1. The broken bolt issue is only for J35A7 engine with hydraulic tensioner, NOT for J35A6 engine (LX model).

2. We don't hear factory bolt breaking off, ONLY AFTER it has been replaced.

3. Mfg quality:

- HONDA OEM: likely someone else makes this part now (the hydraulic tensioner and the bolt). FYI, car mfg switches supplier all the time.

- Aftermarket: Dayco, Gates etc. I don't know much about their quality. So it would help if peopl posting messages about their broken bolt can:
- List the mileage of the tensioner
- The mfg (Honda vs Dayco etc.)
- The factory bolt vs "new" bolt provided with the kit. Knowing all these problems, my inclination is to keep the factory bolt.
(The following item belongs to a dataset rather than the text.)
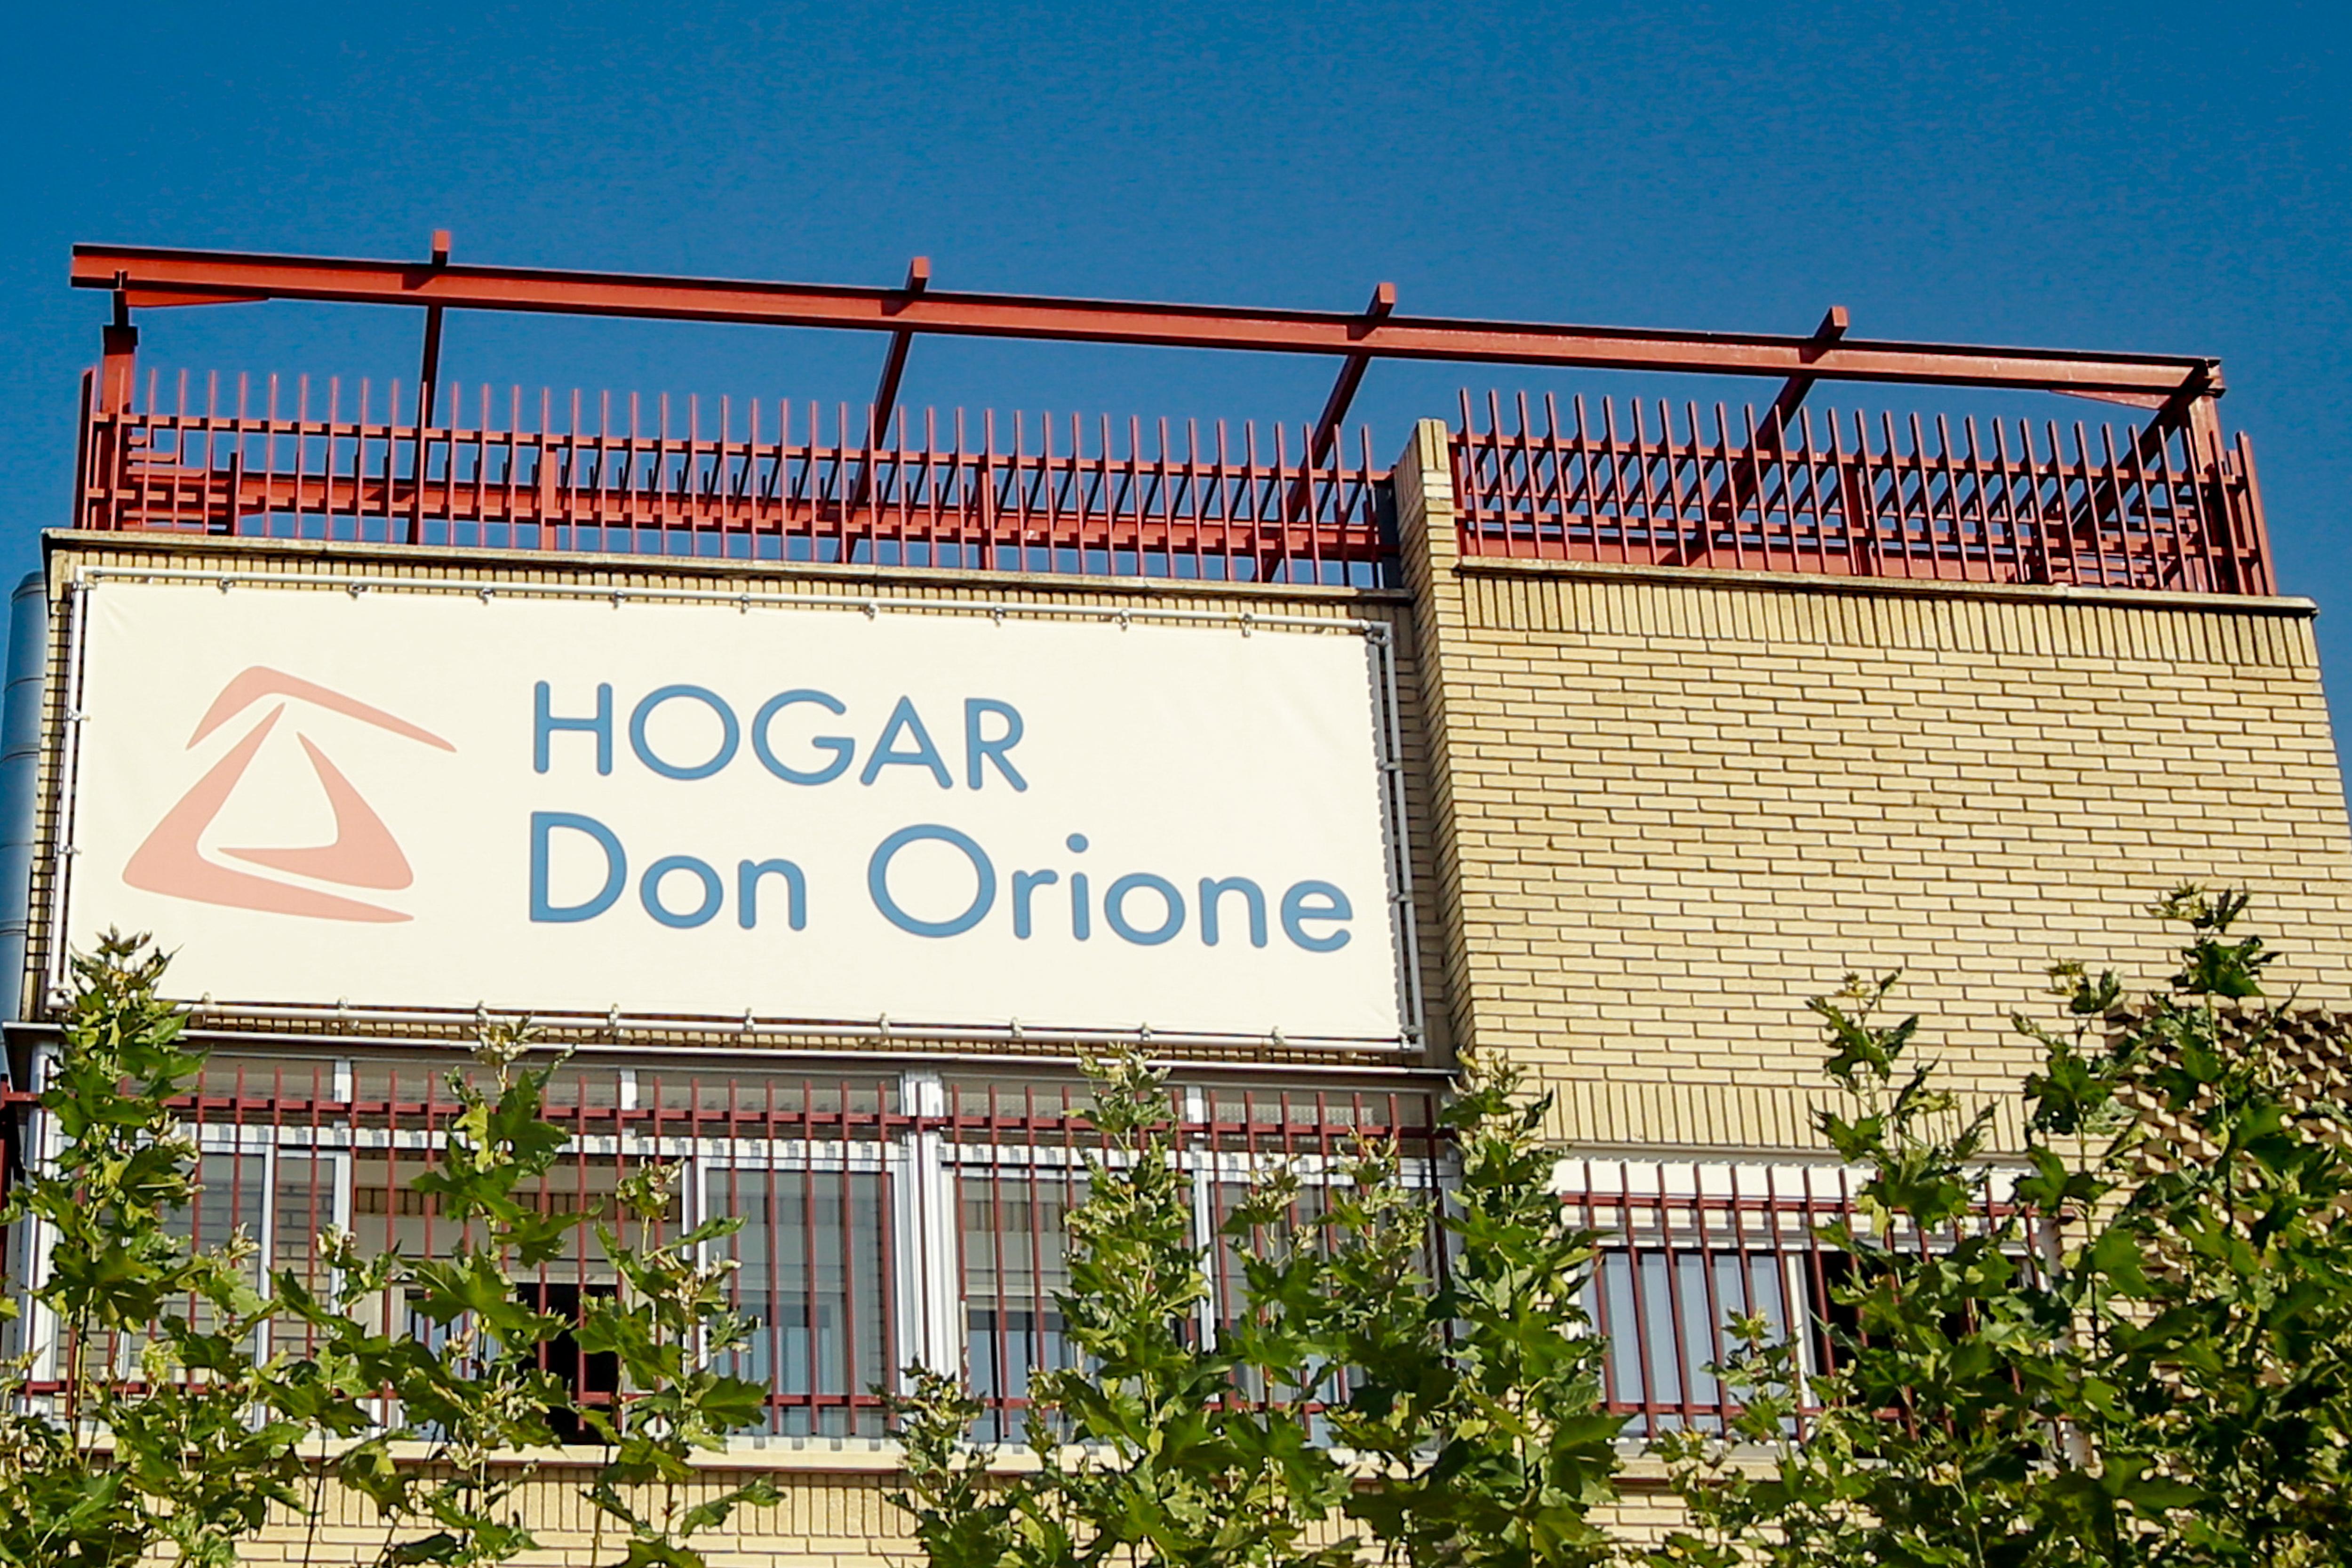 Edificio donde está ubicado el Hogar Don Orione el centro en Pozuelo (Madrid) dedicado a personas con discapacidad donde prestará voluntariado Iñaki Urdangarin a 18 de septiembre de 2019. EP

It is still good for a long time. If you ever loosen the hydraulic tensioner, then you will know that it requires a LOT of force to loosen the belt. So, I can see that this bolt is under a lot of force even when the engine is off. Maybe this is bad design from day. Maybe the belt does not need that much tension.

4. VCM: does the jerkiness of VCM (shutting 3 cylinders) have anything to do with a "jolt" to the bolt causing weakening of the bolt?
People with VCM disabled ("kgardonia" thread): do they have broken bolt issue?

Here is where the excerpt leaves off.